CRACKCast E216 – Jaundice

In CRACKCast, Podcast by Dillan RadomskeLeave a Comment

This episode of CRACKCast focuses on a slightly more uncommon ED presentation – jaundice. Grab a coffee and sit back as the CRACKCast crew (featuring Dr. Sey Shwetz, Saskatoon PGY-5 Emerg Resident/PEM fellow extraordinaire) go through the approach to your jaundiced patient.

Shownotes – PDF Here

Rosen’s in Perspective

Jaundice is one of those ED complaints that is a bit more rare than some of the standard cases we see every shift. However, there is a wide range of causes for jaundice, and an understanding of pathophysiology is key. We have got you covered here at CRACKCast – the next time you walk into a room and your patient is as yellow as Homer Simpson, you will know exactly what to do! 

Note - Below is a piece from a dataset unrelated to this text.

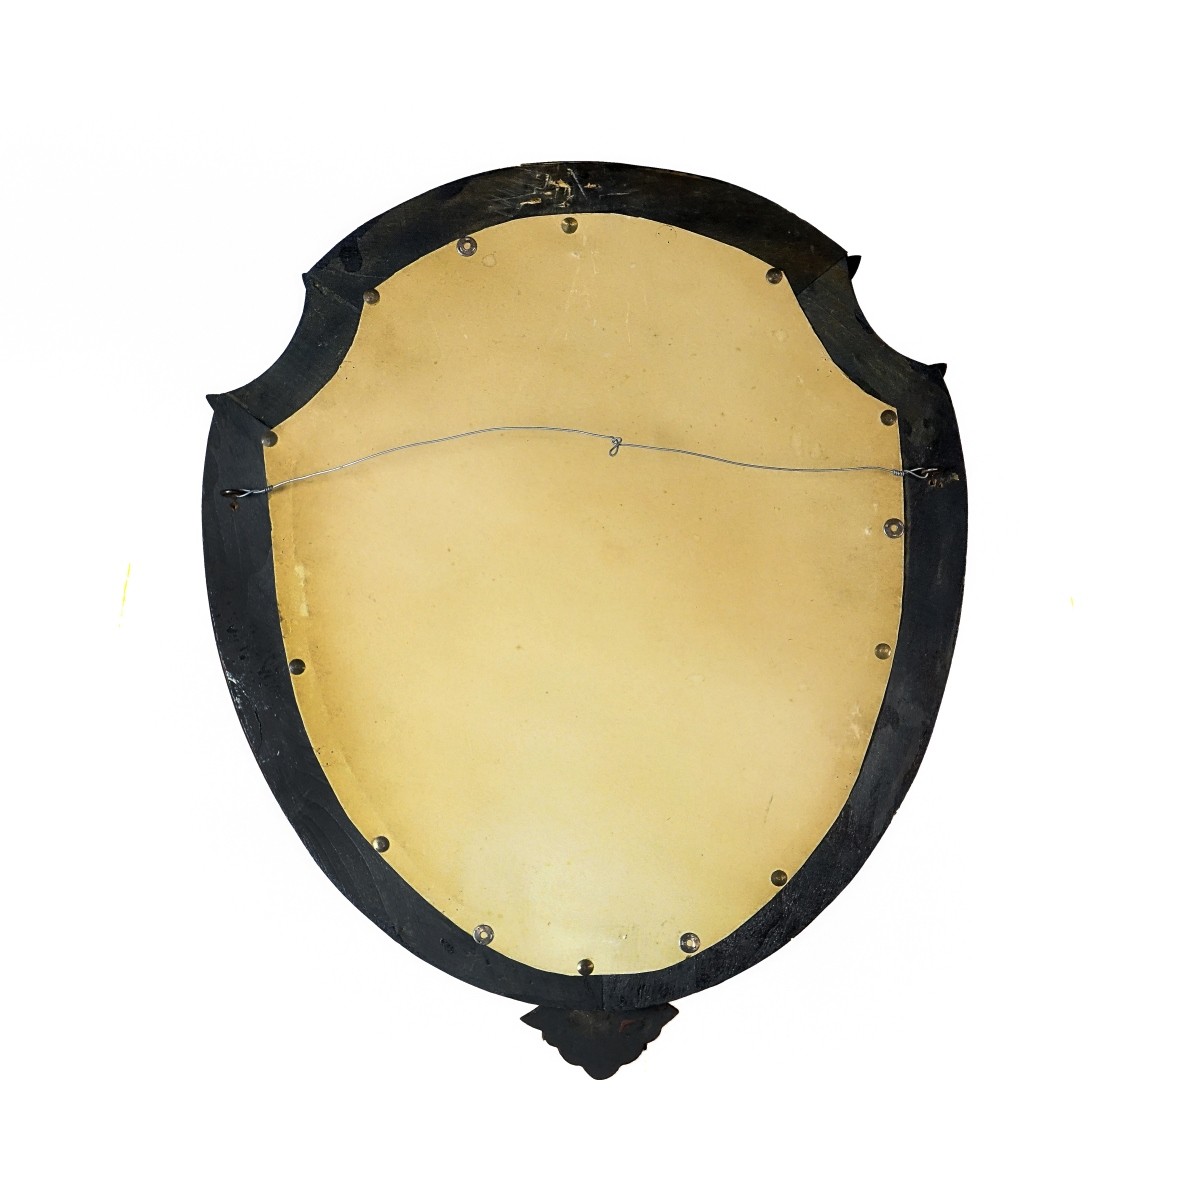 Vintage Venetian Style Shield Shape Mirror

A few points to highlight from those first few Rosen’s paragraphs. Jaundice is clinically evident at 2.5mg/dl or about 43µmol/L, first seen in tissues with relatively high concentrations of albumin (eyes and skin). Remember that there are 3 categories of bilirubin problems – increased production due to hemolysis, hepatocellular dysfunction causing impaired uptake and conjugation, and obstruction pathologies that prevent bilirubin excretion. When it comes to neurotoxicity, unconjugated bili is the one we worry about – this is not bound to albumin, and can cause encephalopathy and kernicterus.

[1] Explain broad causes of elevated bilirubin (obstructive, hepatocellular, and hemolysis) and the significance of direct vs. indirect hyperbilirubinemia (Fig 25.1)

Bilirubin is a byproduct of heme breakdown. 

This is released into its unconjugated form into the circulation and bound to albumin. It is then taken up into the hepatocytes where it is conjugated. Conjugated bilirubin is taken up and stored in the hepatocytes, and then subsequently excreted into the intestine. 

Direct hyperbilirubinemia = conjugated bilirubin 

  • Obstructive causes to consider: 
    • Choledocolithiasis 
    • Intrinsic bile duct disease (cholangitis, stricture, neoplasm, extrinsic compression) 
    • Extrinsic compression 
  • Hepatocellular causes
    • Viral hepatitis 
    • Hepatic failure 
    • Alcoholic hepatitis 
    • Ischemia 
    • Toxins 
    • Autoimmune hepatitis
    • HELLP syndrome 

Indirect hyperbilirubinemia = unconjugated bilirubin 

  • Hematologic causes 
    • Hemolysis 
    • Hematoma resorption 
    • Ineffective erythropoiesis 
    • Gilbert’s syndrome 

See figure 25.1 for more details. 

[2] Explain your approach to the history and physical exam in patients with jaundice (Fig 25.2) 

Figure 25.2: Pivotal points in the assessment of the jaundiced patient. 

History

  • Viral prodrome 
  • Liver disease 
  • Alcohol/IVDU 
  • Biliary surgery 
  • Fever/abdo pain 
  • Pregnancy 
  • Toxic ingestion 
  • Cancer history 
  • History of blood products 
  • Occupational exposure 
  • CV disease 
  • Trauma 
  • Travel history 

Exam: 

  • Mental status 
  • Abdominal tenderness/HSM 
  • Skin findings – petechiae/purpura, caput medusae, spider angiomata 
  • Ascites 
  • Pulsatile mass 

[3] List 10 causes of jaundice (Table 25.2) 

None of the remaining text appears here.